Diet, especially fiber intake, is thought to support microbial recovery, yet clinical results are inconsistent. While certain fibers can promote beneficial bacteria such as Faecalibacterium prausnitzii, many patients do not to improve or even experience worse symptoms. 

These mixed outcomes suggest that microbial presence alone may not be sufficient for treating disease, and that the functional capacity of the gut microbiota—such as the ability to degrade dietary fiber—may be critical, the authors say. However, they add, “mechanistic understandings of how food components influence disease activity are limited.”

Microbial function

Recent studies suggest that successful microbiota-based therapies depend not only on introducing beneficial microbes, but also on restoring microbial function. Fiber supplements, rather than improving outcomes for all patients, may have counterproductive effects if the recipient’s microbiota lacks the enzymes needed to degrade it or converts it into inflammatory metabolites.

The authors emphasize that beneficial clinical effects arise when engrafted microbes actively produce protective metabolites—such as short-chain fatty acids—and interact appropriately with the host’s immune system. This suggests that matching donors and recipients is important.

Beyond bacteria, also fungi and viruses may influence outcomes, indicating that microbial composition alone is less important than microbial functionality and host-microbe interactions for therapeutic success.

Lasting remission 

Supporting beneficial microbes while limiting inflammation can improve the effectiveness of microbiota-based therapies, the authors say. In the future, they add, larger studies will be essential to identify responders and guide precision nutrition.
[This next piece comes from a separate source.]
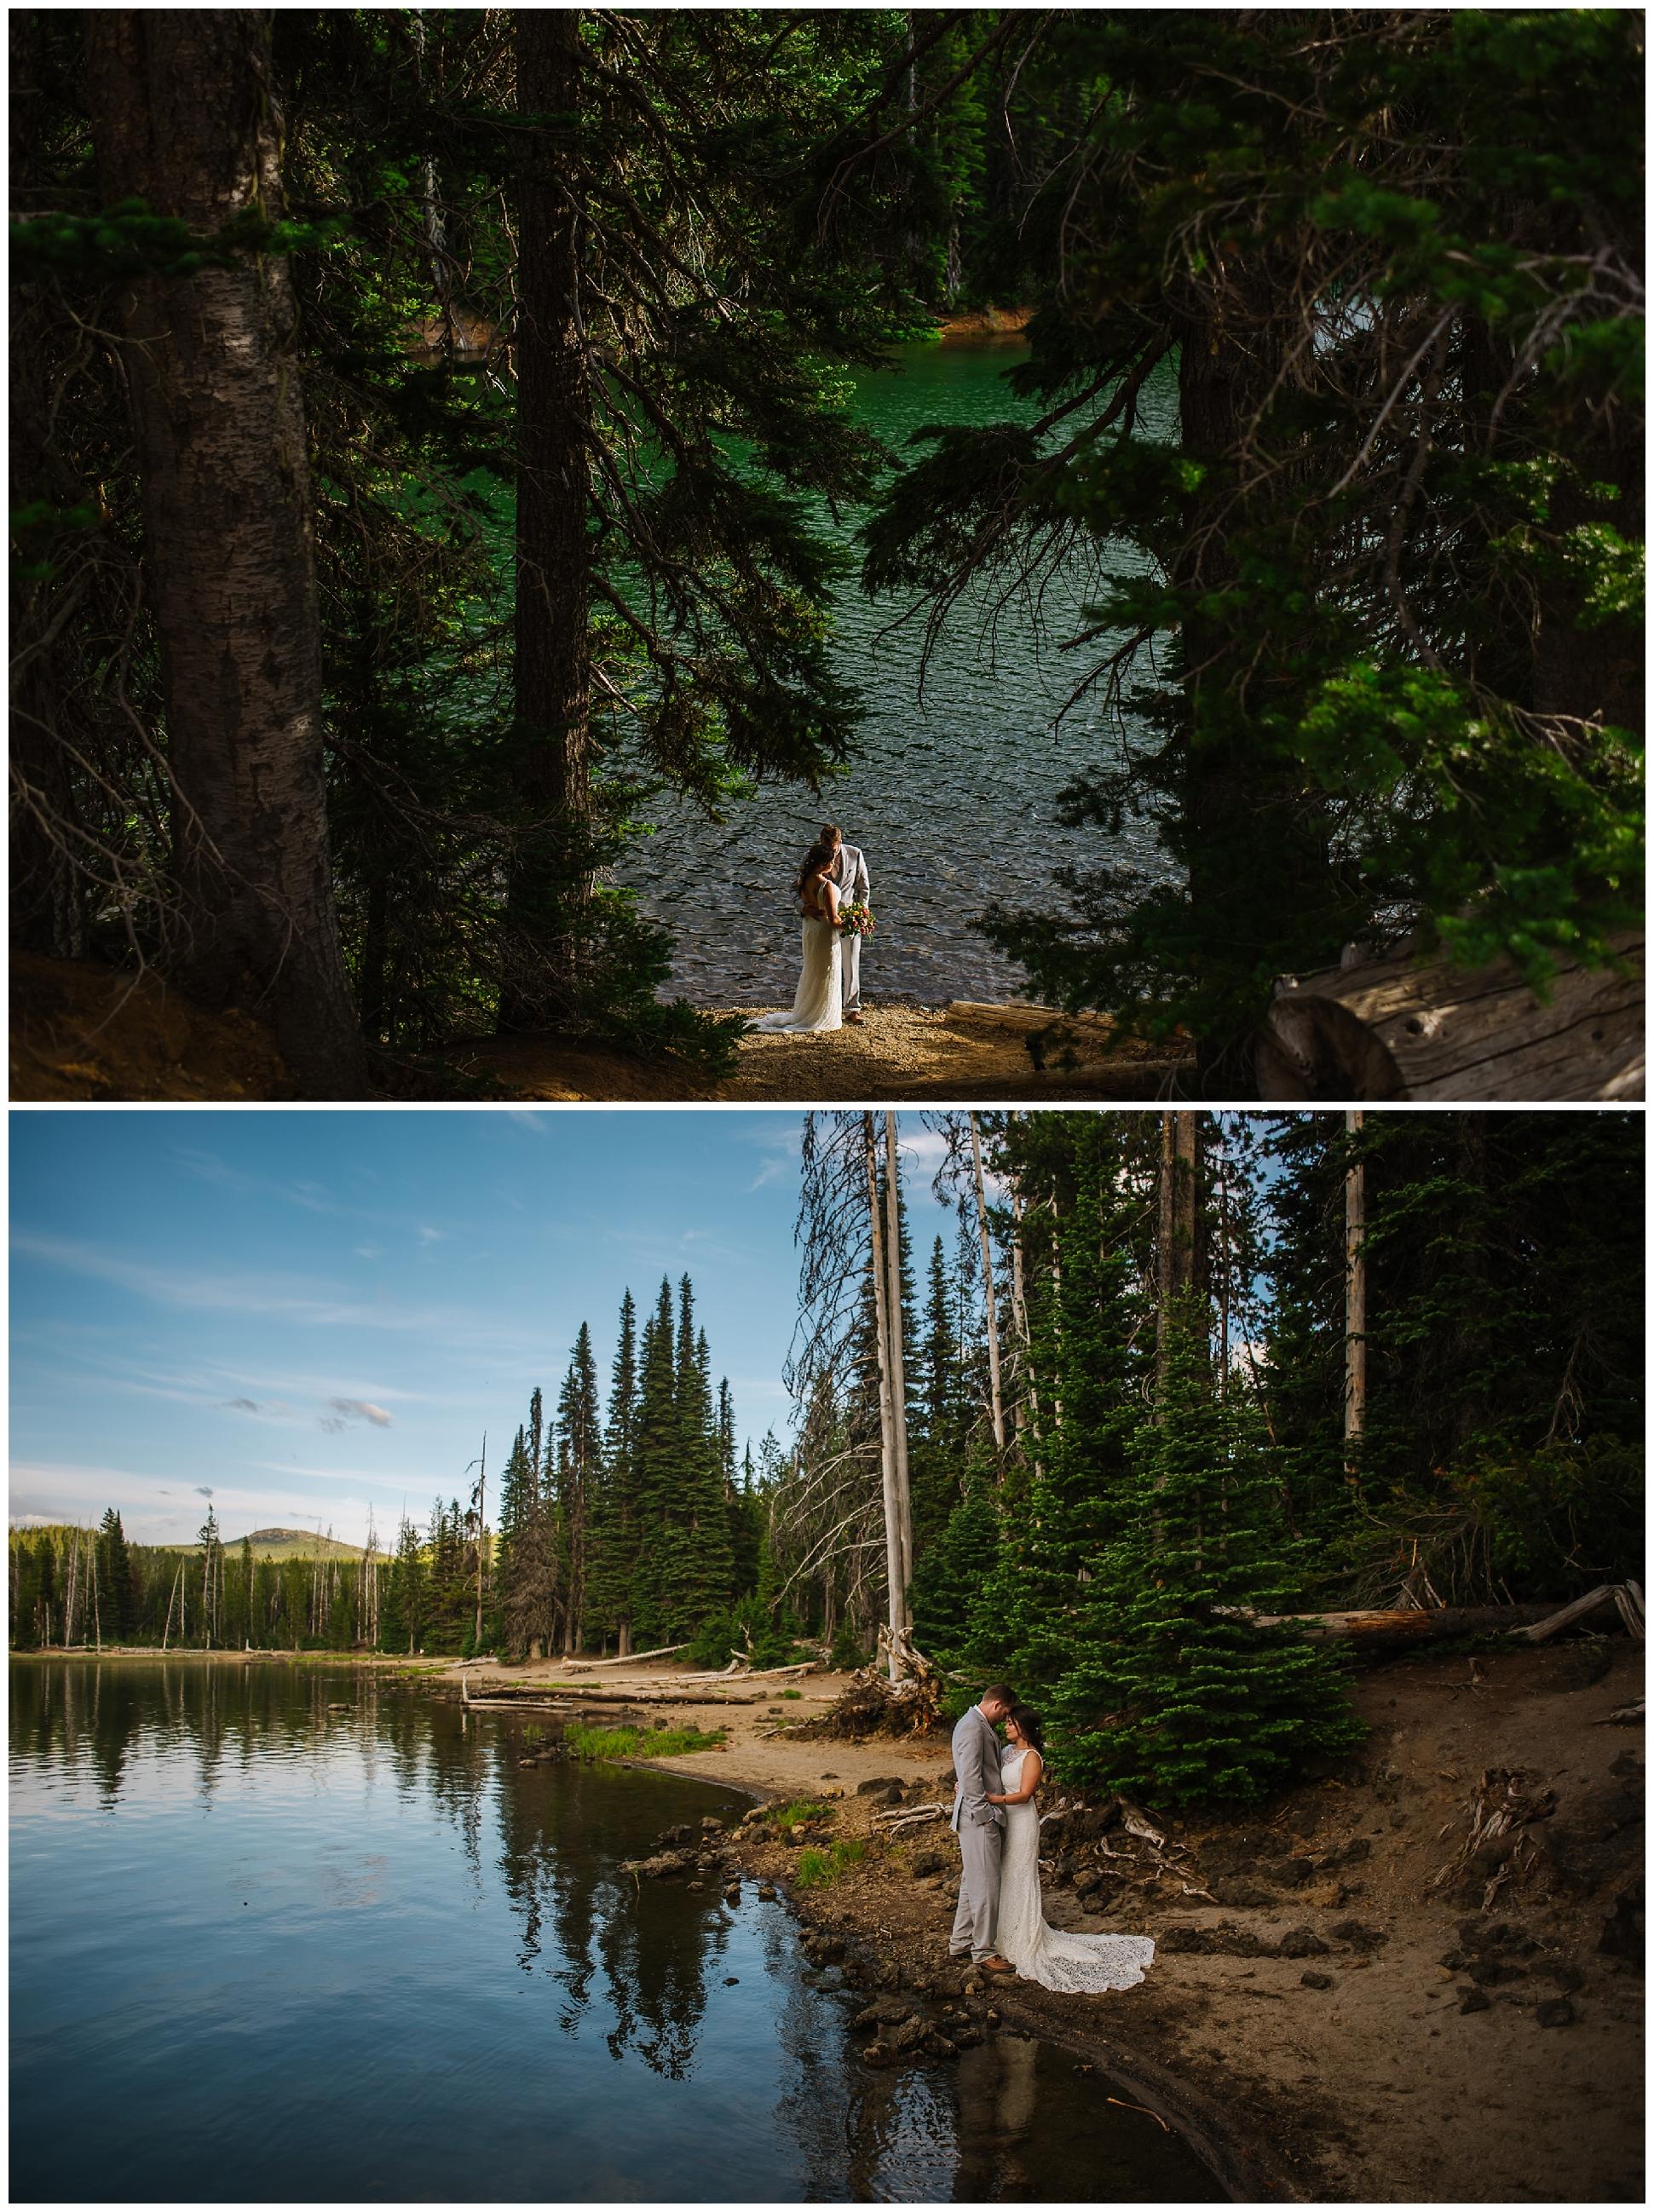 Ashlee-hamon-photography-year-in-review-2016-travel-wanderlust-vsco-adventure-wedding_0053.jpg
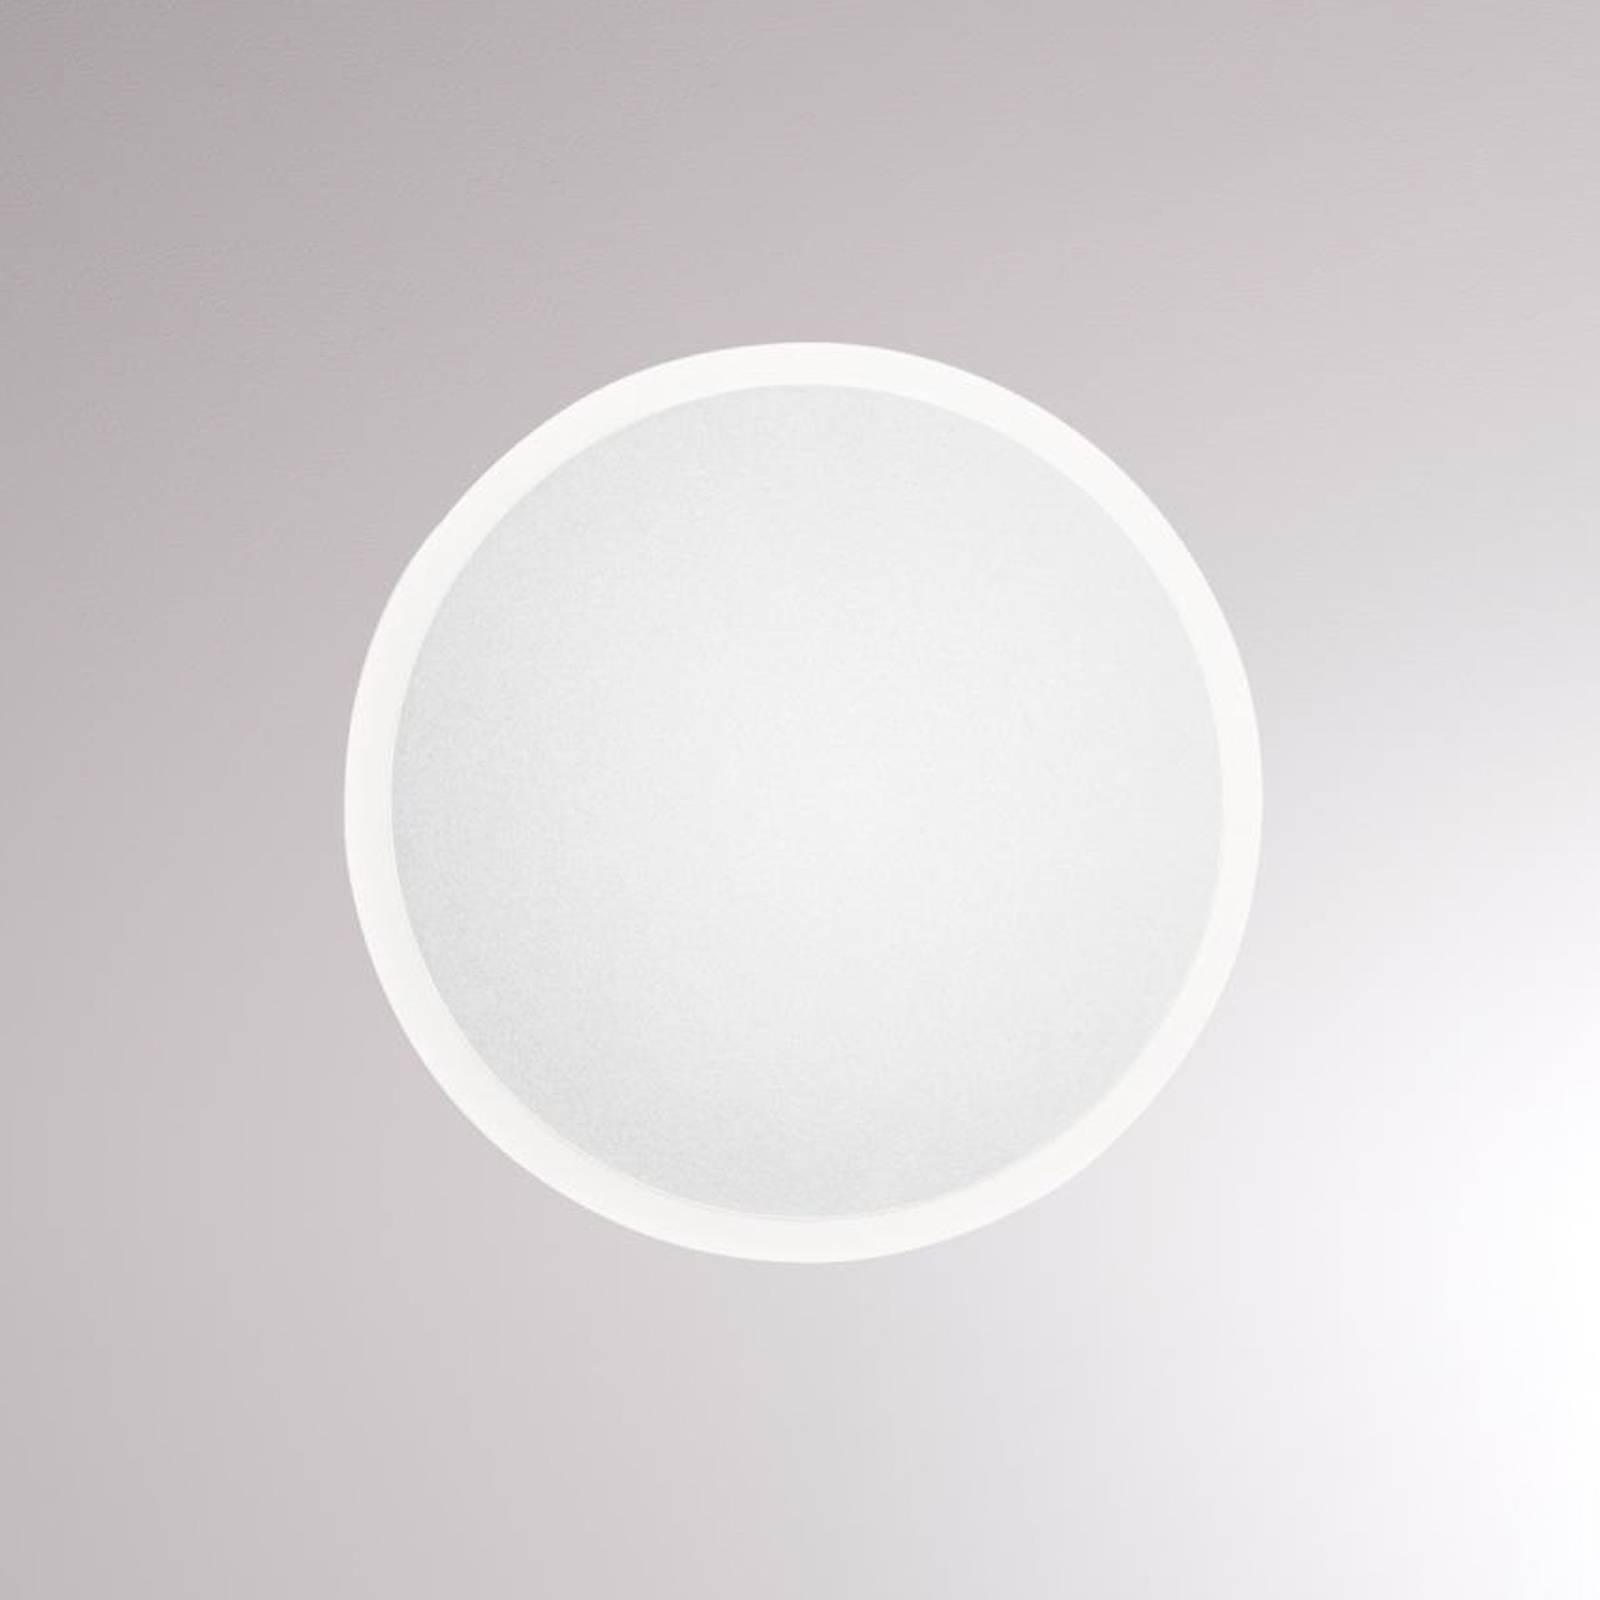 LOUM Pegato LED-Wandleuchte weiß

Hoedt and Talley conclude that microbiota-based therapies such as fecal microbiota transplants cannot be optimized through a one-size-fits-all approach. Long-term remission in IBD and related conditions likely relies on personalized strategies combining donor selection, microbiota profiling, and tailored diet, the authors say.

“This will require interdisciplinary collaboration across microbiology, nutrition, immunology, and clinical medicine,” they add. “Only then can we unlock the full potential of microbiome-based therapies and achieve lasting remission for patients with chronic gastrointestinal diseases.”